→ Directions:
The entire listing below is to be written out exactly, minus the pictures.

→ Data below:
——
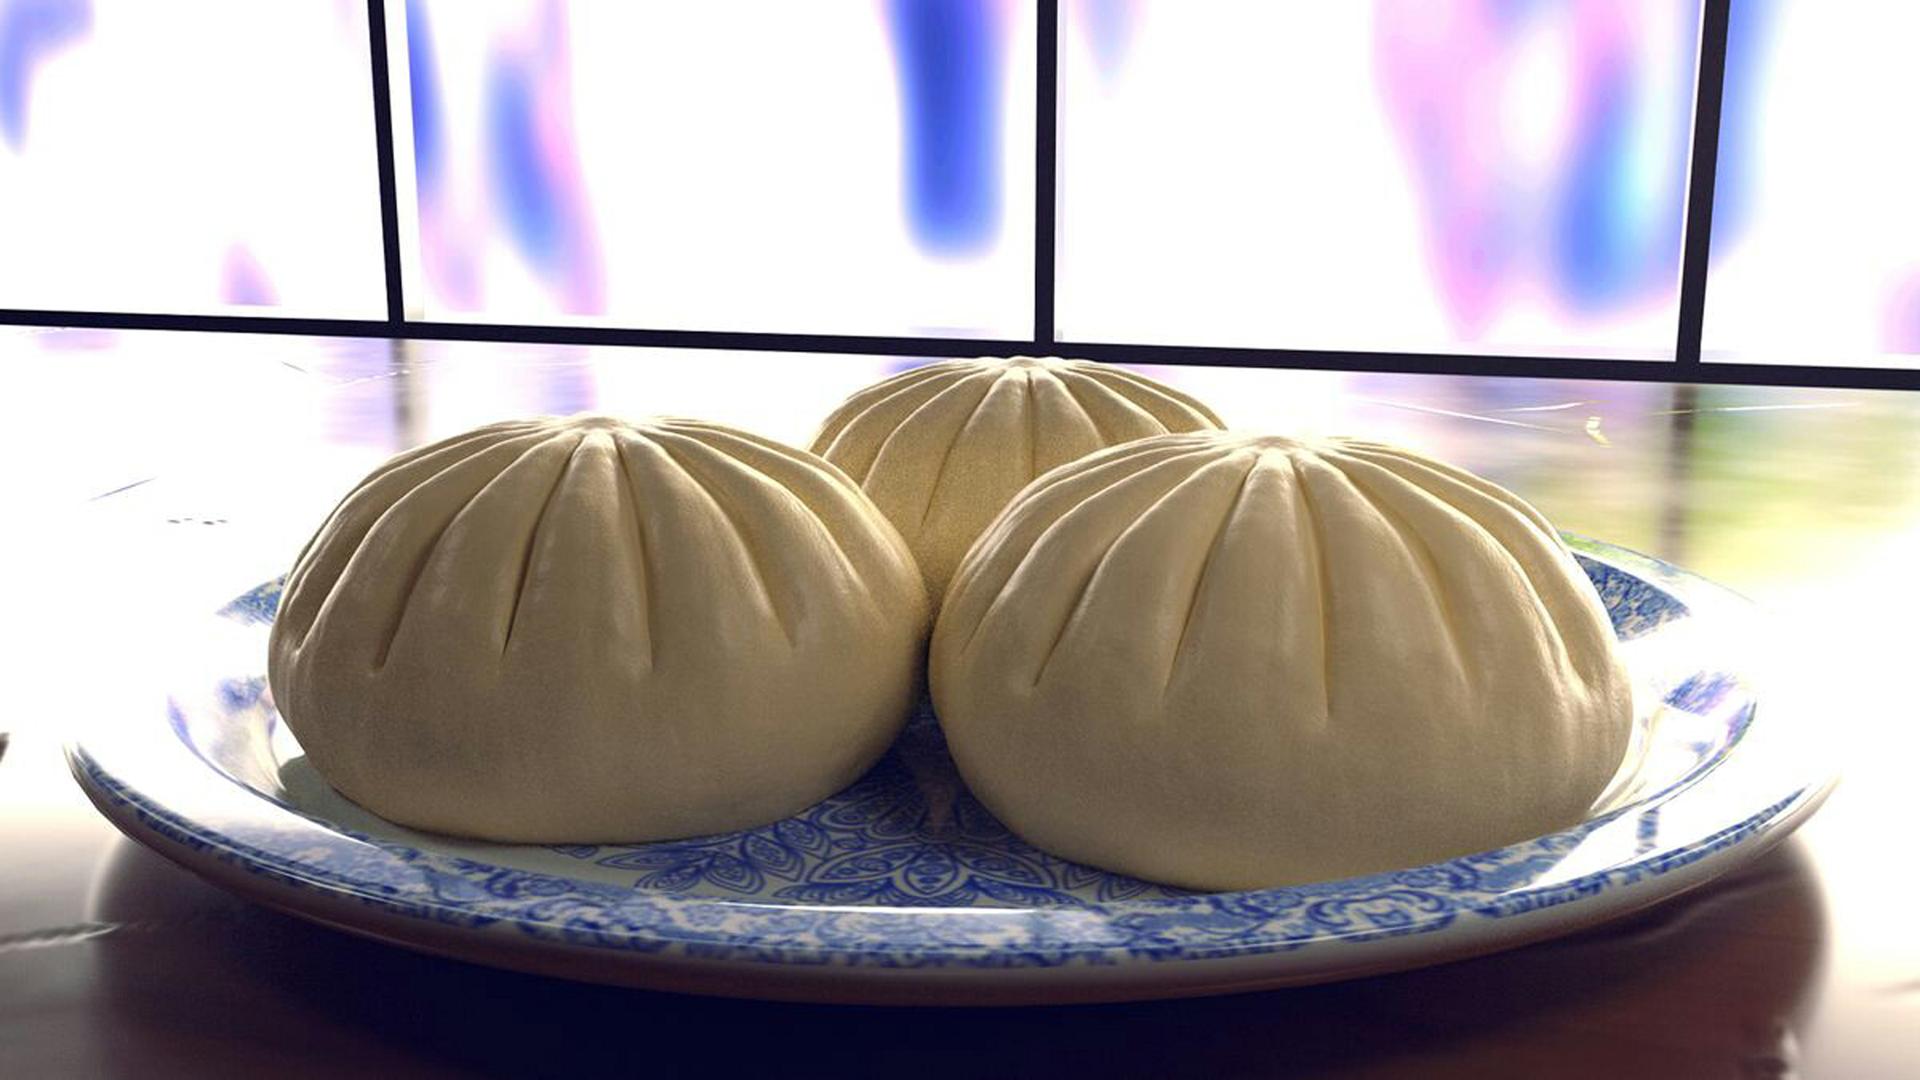 Baozi on a porcelain plate
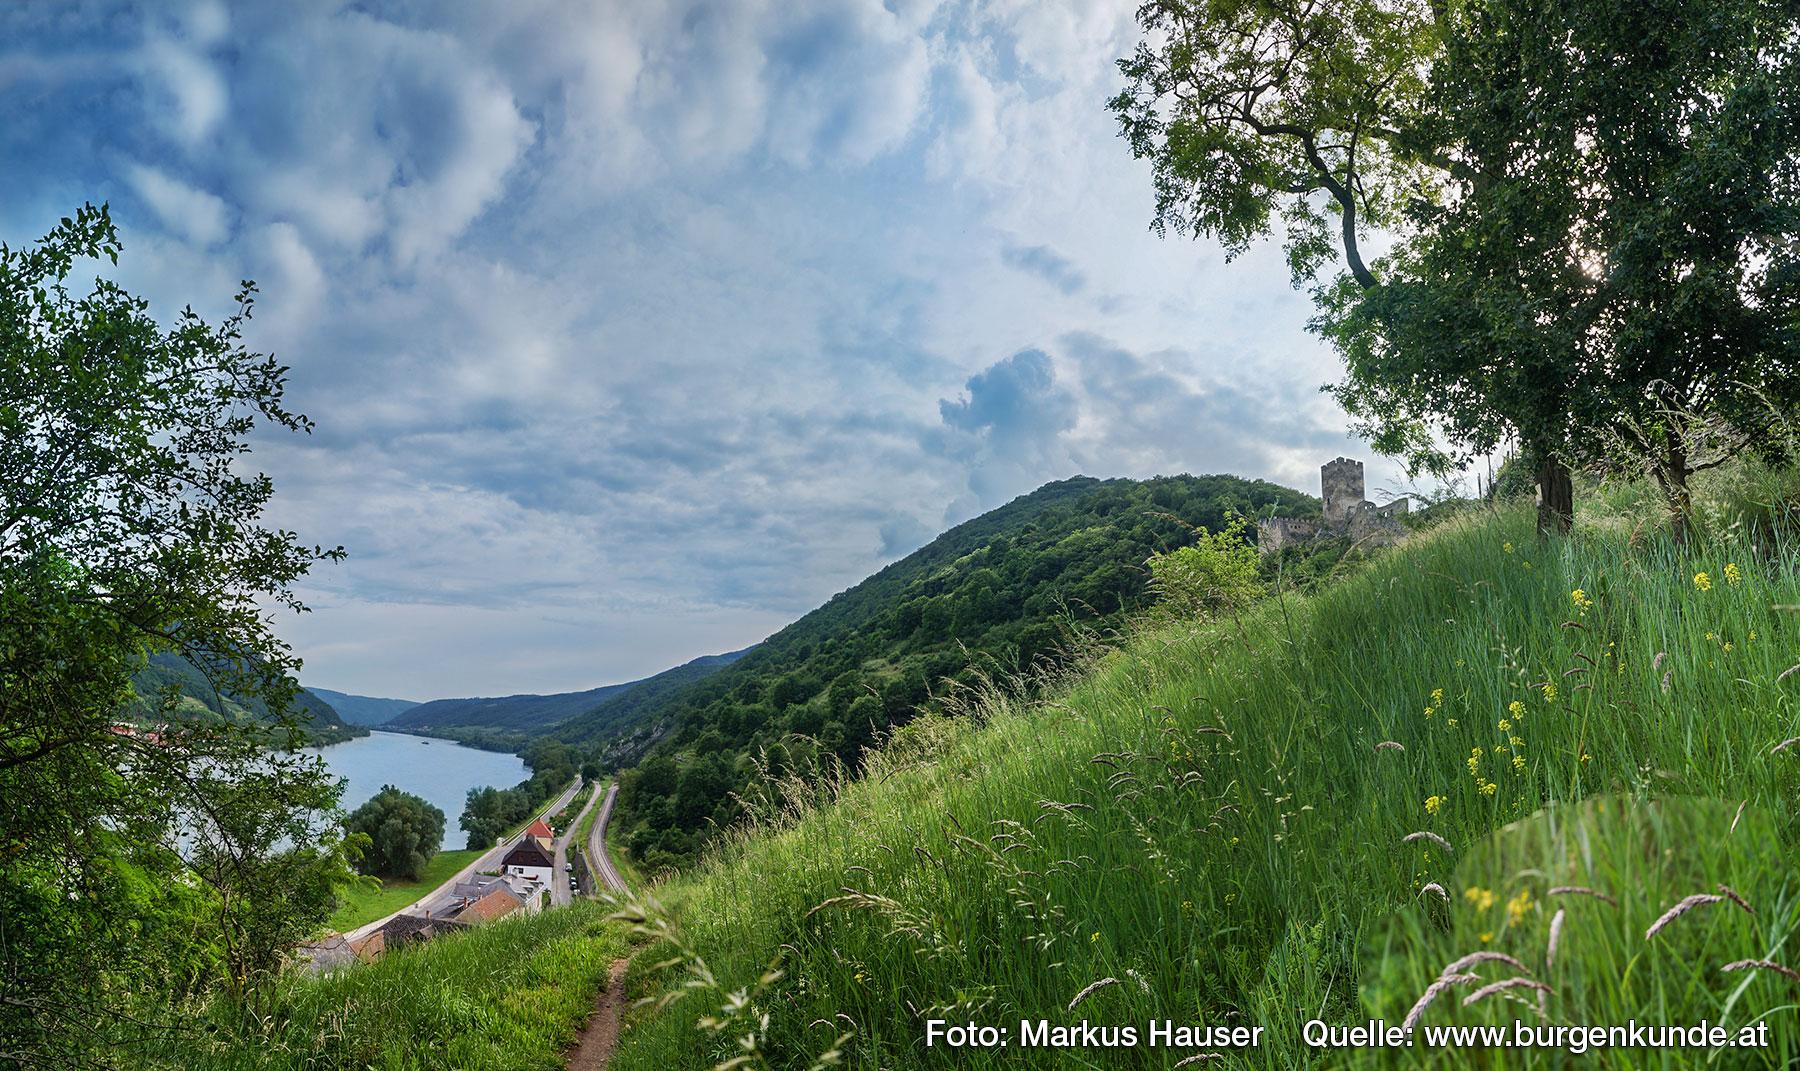 Auf einem zur Donau hin abfallenden Ausläufer des Jauerlingmassivs, genannt Hausberg, liegt inmitten von Weinbergen die Ruine Hinterhaus.
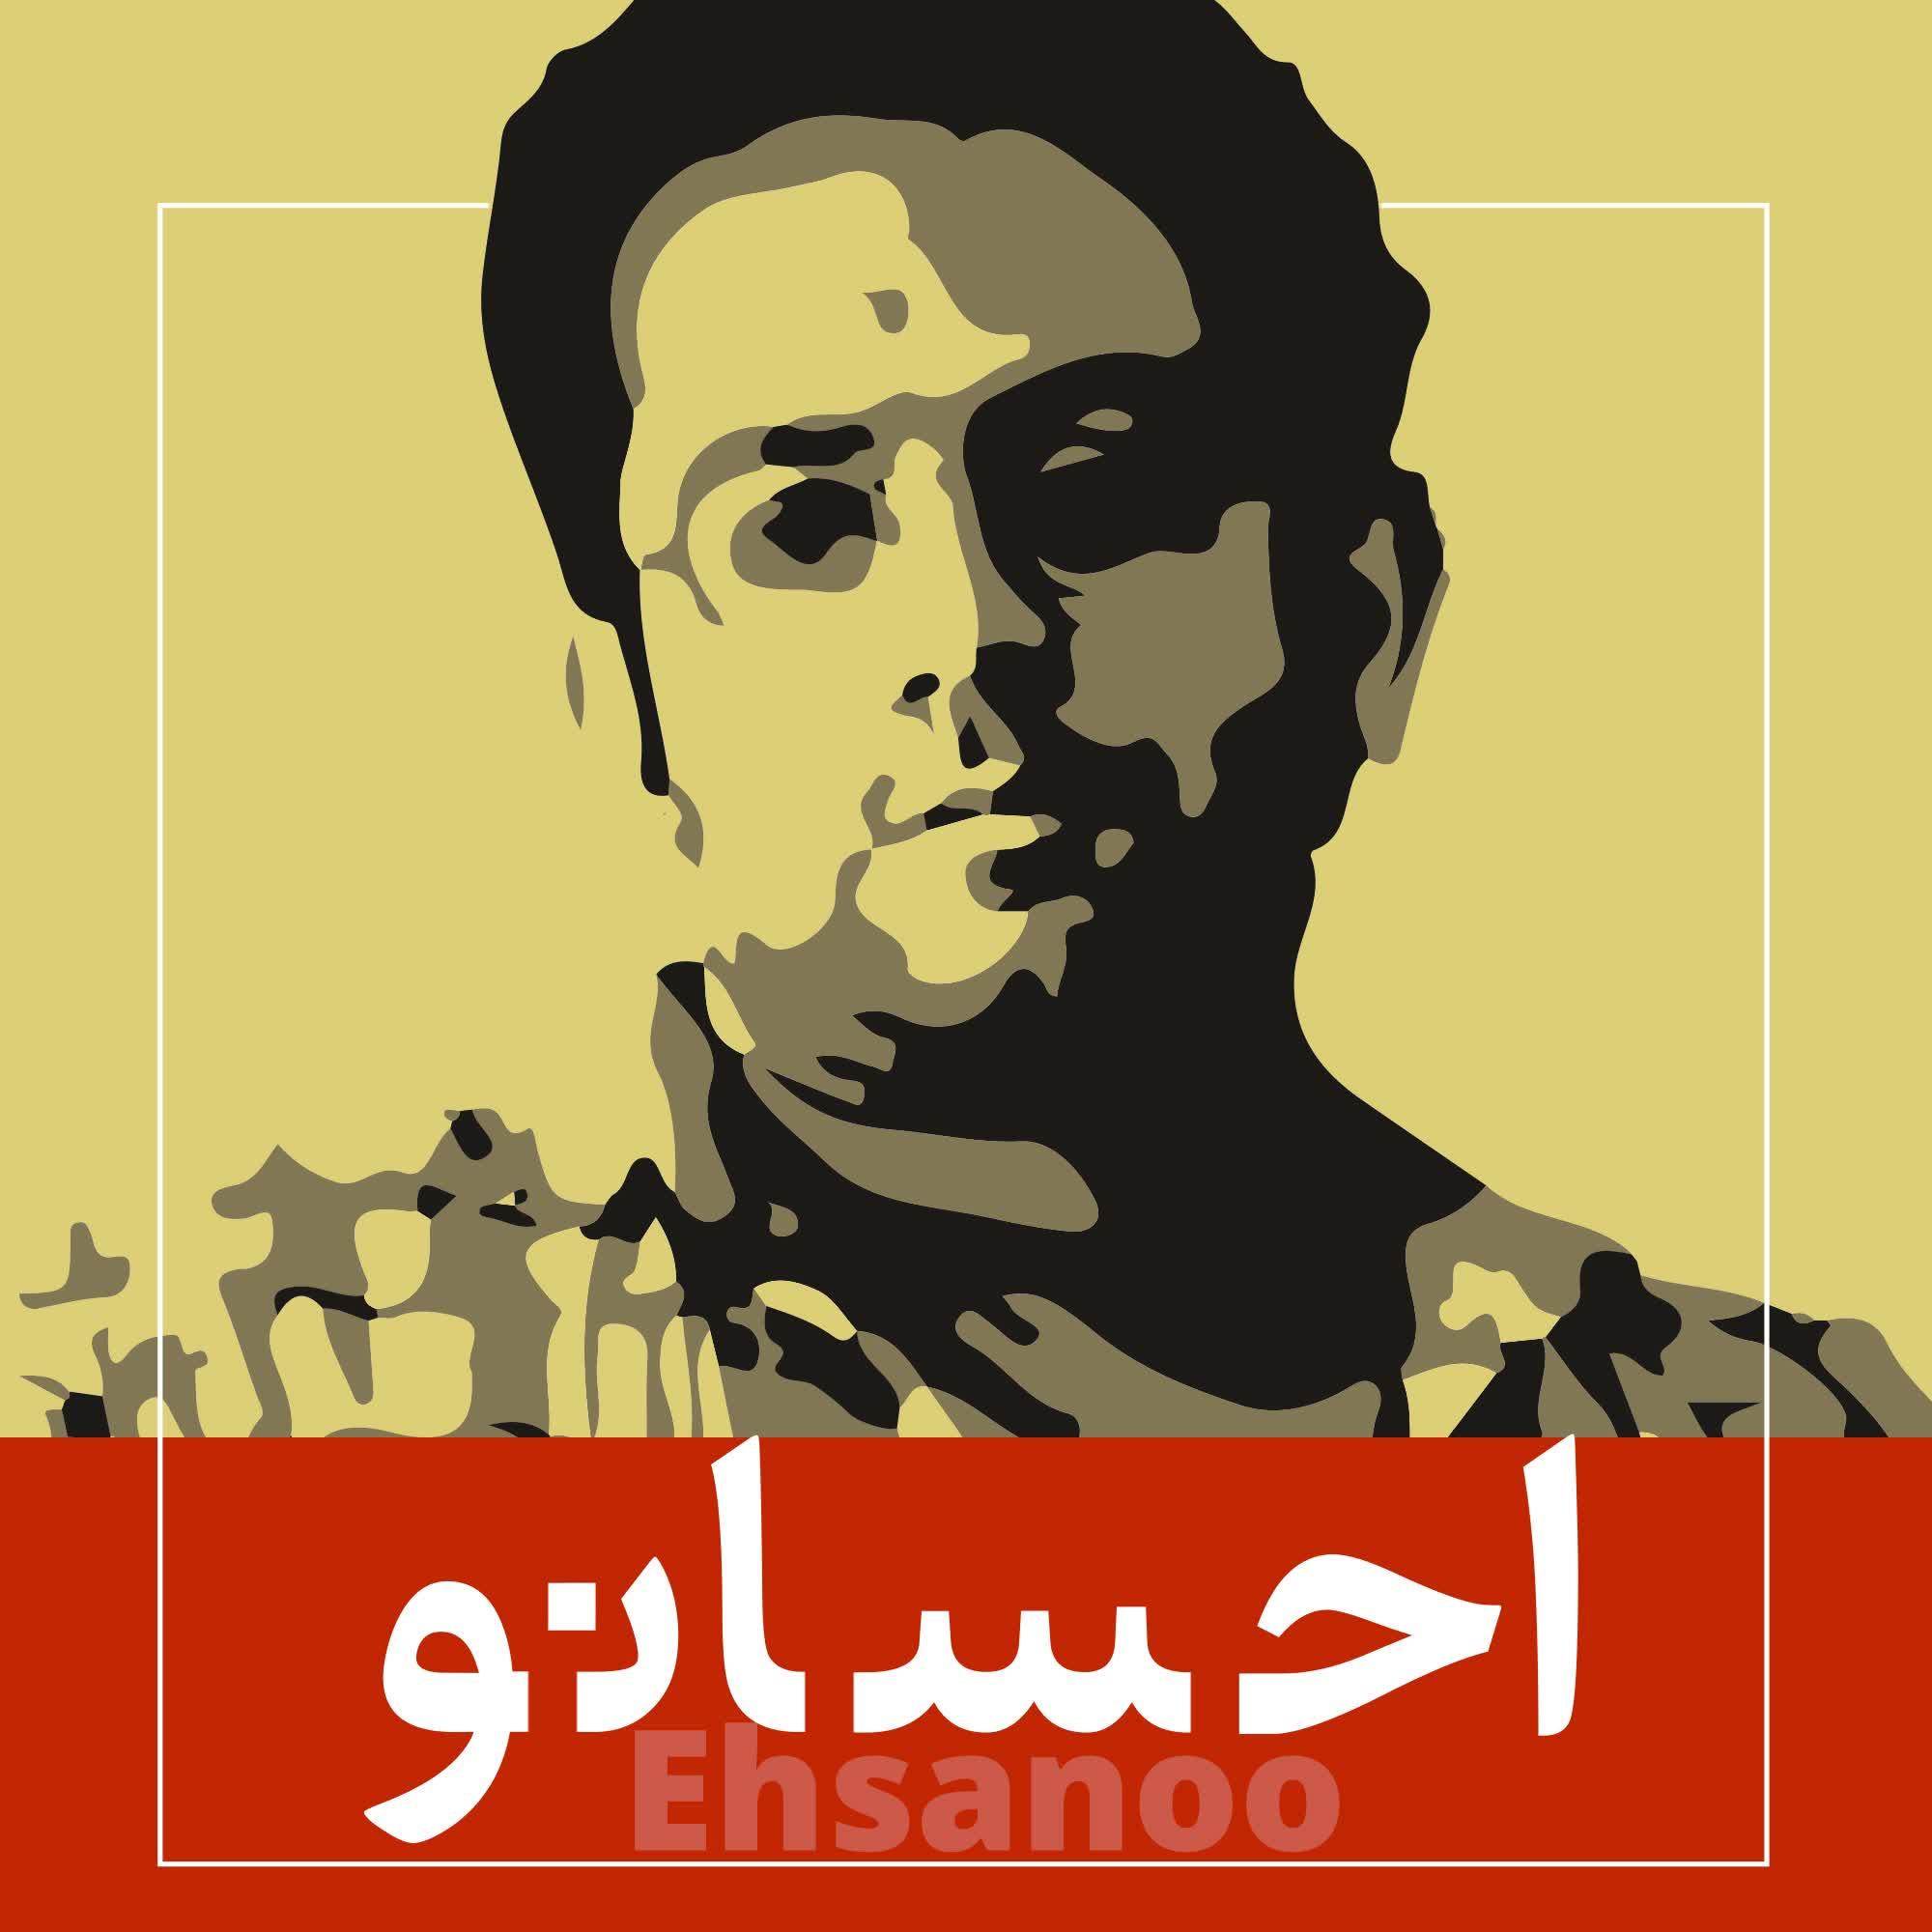 Ehsanoo:sokoot
——
→ Solution to the exercise:
 Baozi on a porcelain plate
 Auf einem zur Donau hin abfallenden Ausläufer des Jauerlingmassivs, genannt Hausberg, liegt inmitten von Weinbergen die Ruine Hinterhaus.
 Ehsanoo:sokoot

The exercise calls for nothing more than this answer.